= Your assignment =
Exactly reproduce the lines of the listing below from the one containing "UX designer Dayhana" through the one containing "Dew drop moonstone". Skip the images.

= Records provided =
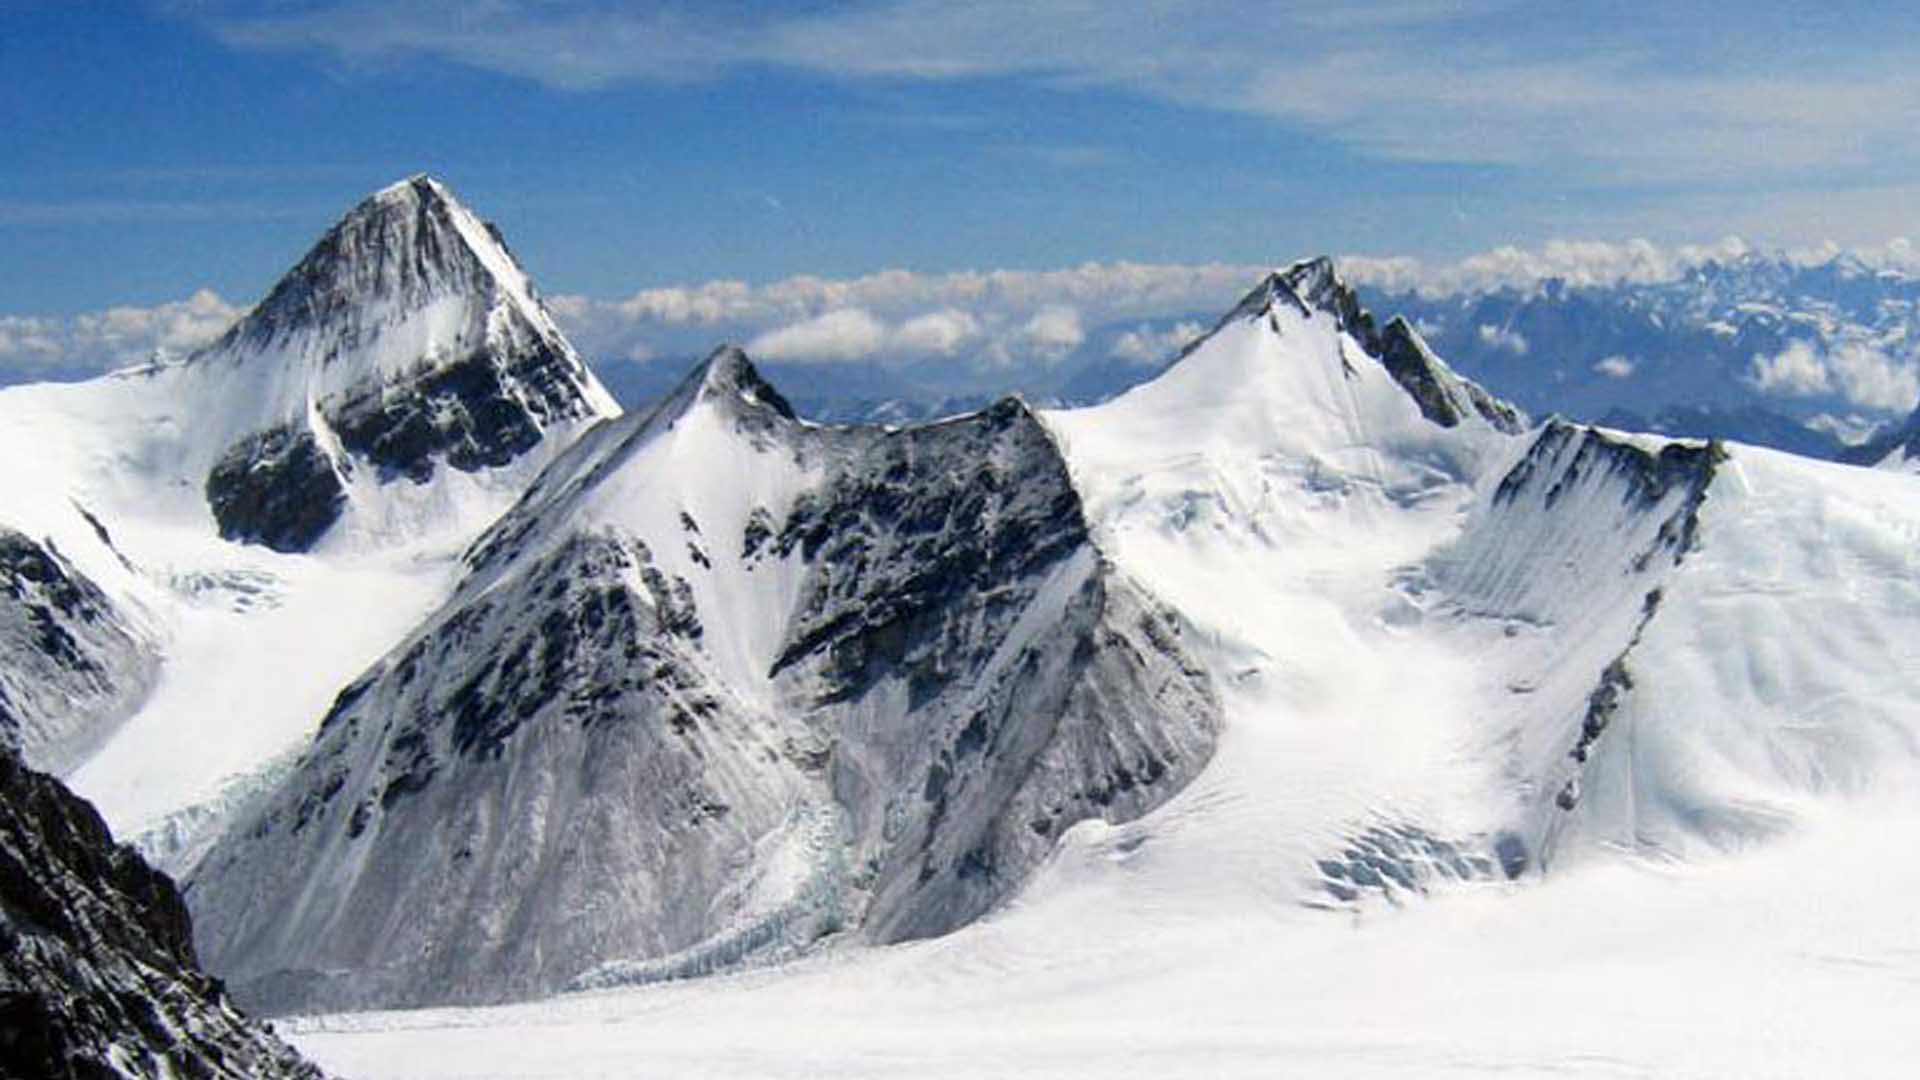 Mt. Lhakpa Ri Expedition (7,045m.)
---
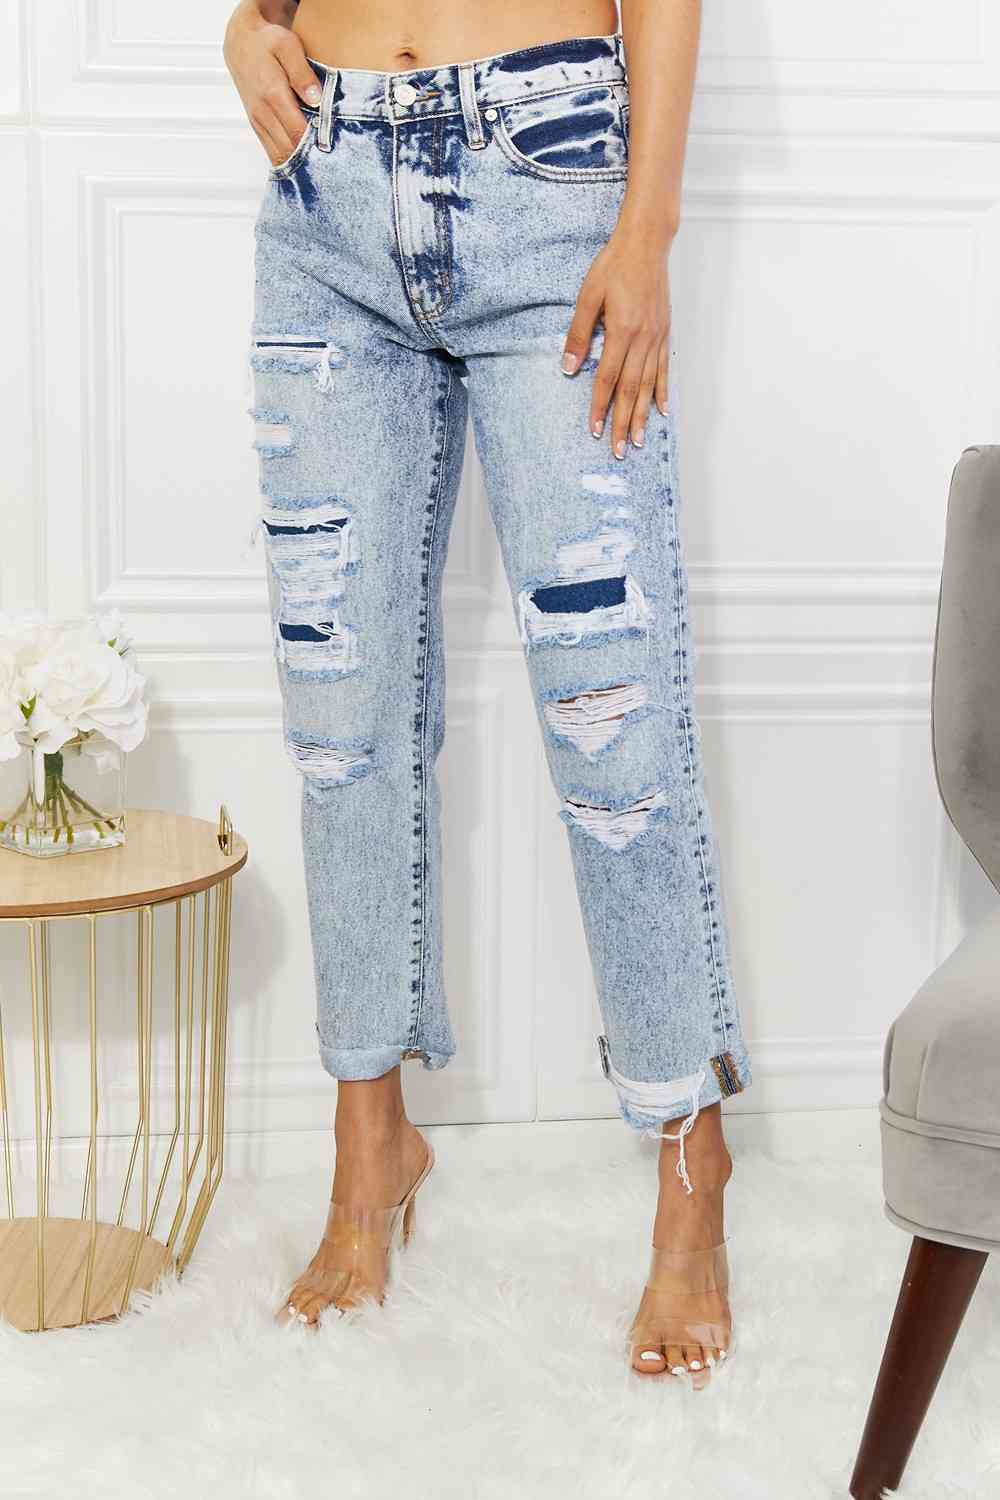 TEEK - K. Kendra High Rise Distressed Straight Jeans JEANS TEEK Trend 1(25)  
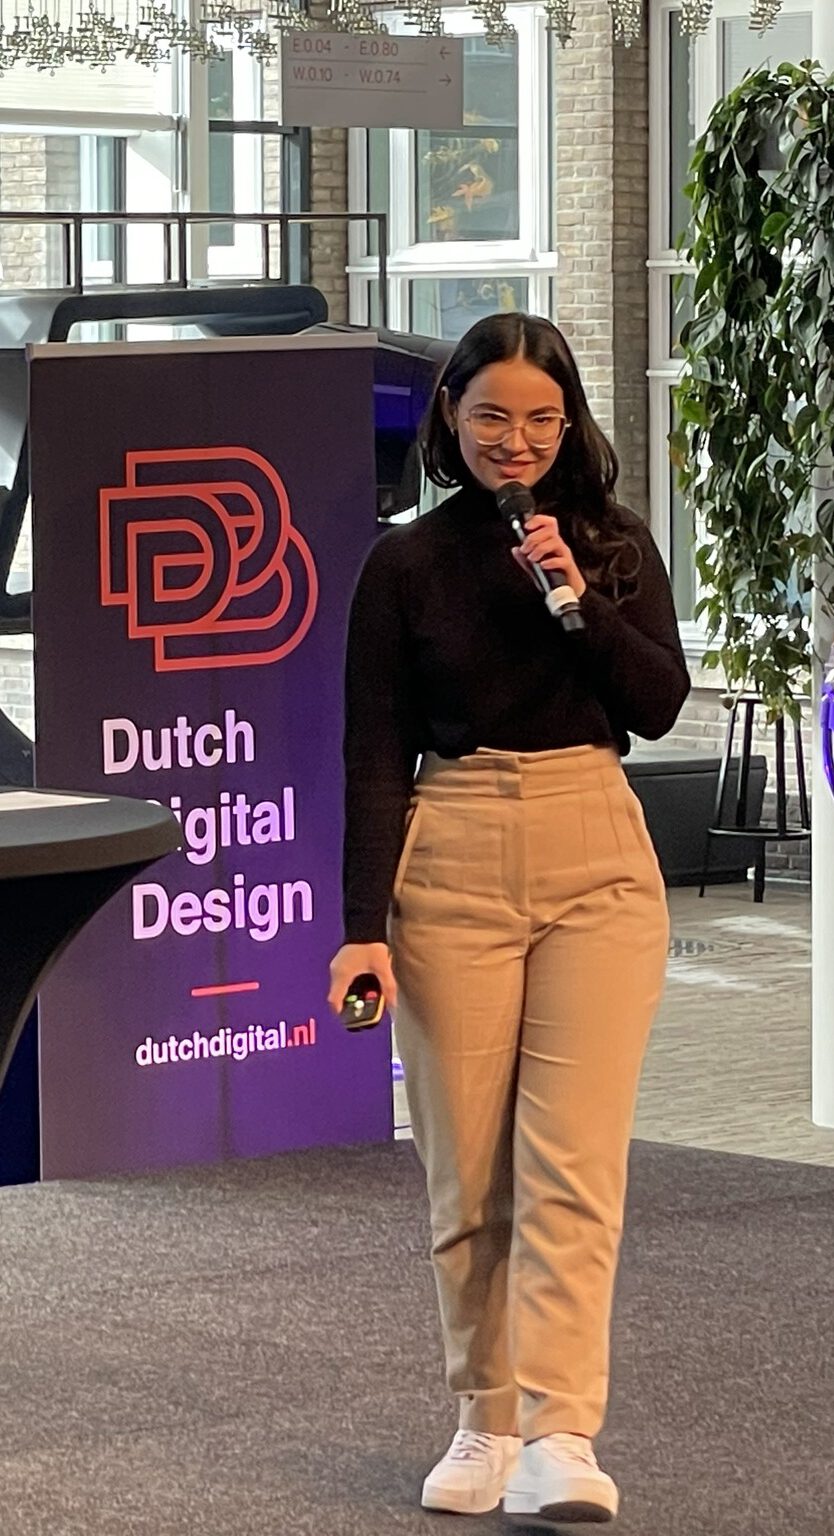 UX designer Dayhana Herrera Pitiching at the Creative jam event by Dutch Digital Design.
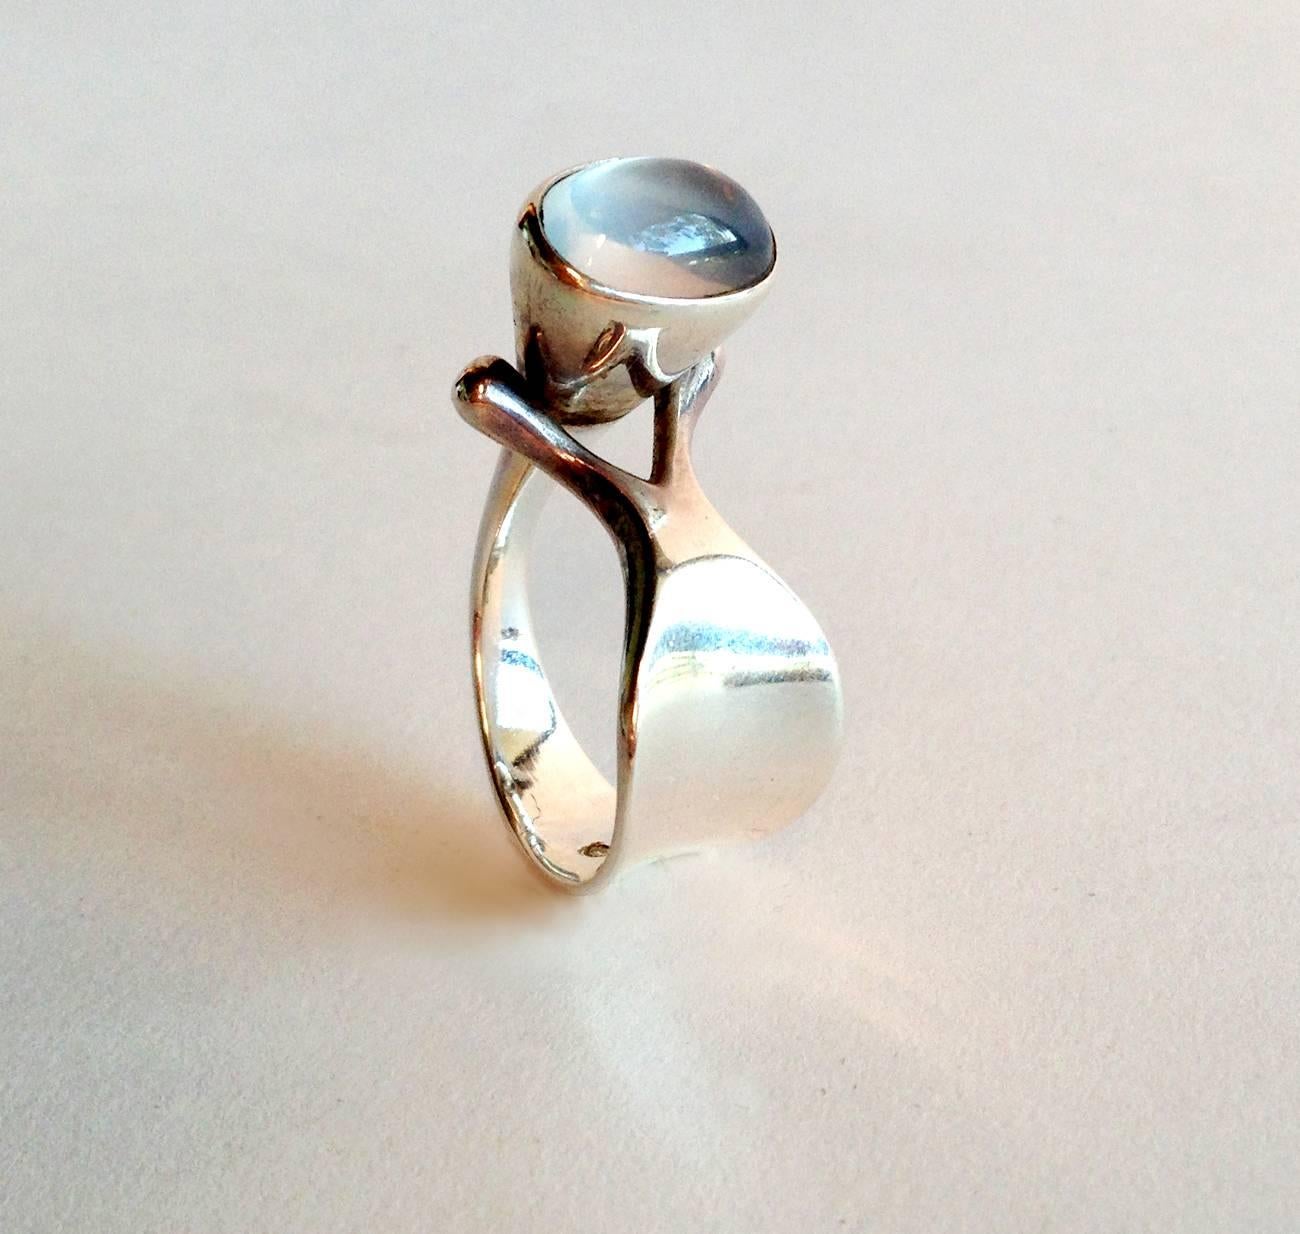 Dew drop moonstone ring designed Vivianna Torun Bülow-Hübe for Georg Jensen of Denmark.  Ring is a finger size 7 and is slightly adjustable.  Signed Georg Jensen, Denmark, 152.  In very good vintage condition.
--
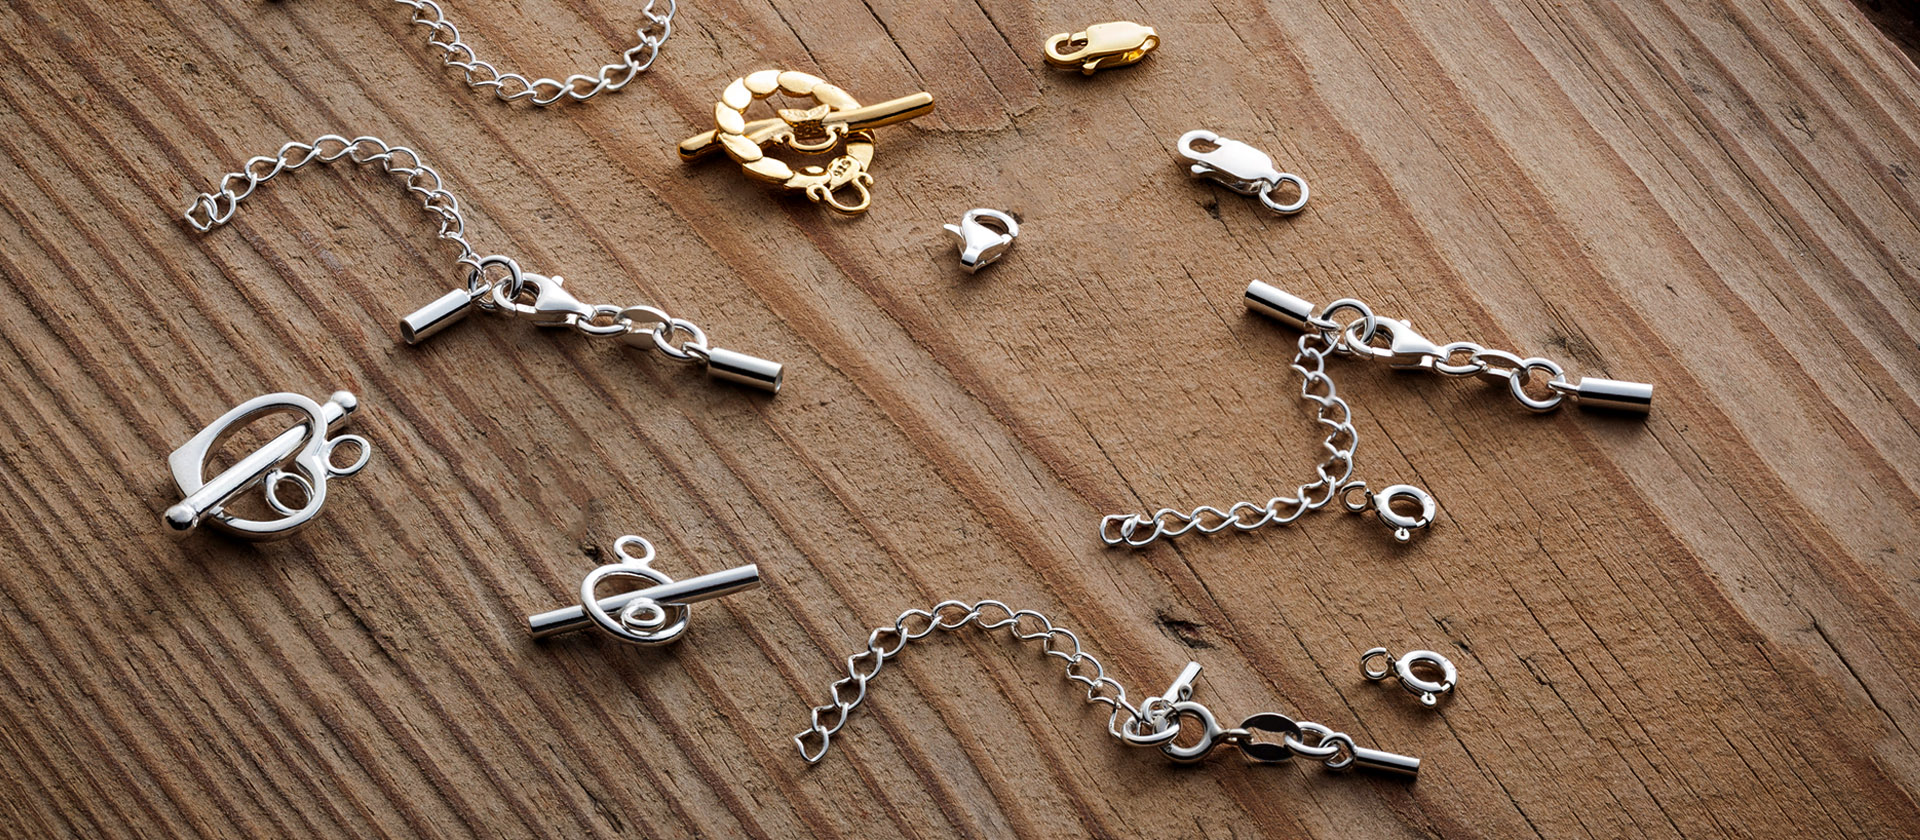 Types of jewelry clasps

= Finished exercise =
 UX designer Dayhana Herrera Pitiching at the Creative jam event by Dutch Digital Design.
 Dew drop moonstone ring designed Vivianna Torun Bülow-Hübe for Georg Jensen of Denmark.  Ring is a finger size 7 and is slightly adjustable.  Signed Georg Jensen, Denmark, 152.  In very good vintage condition.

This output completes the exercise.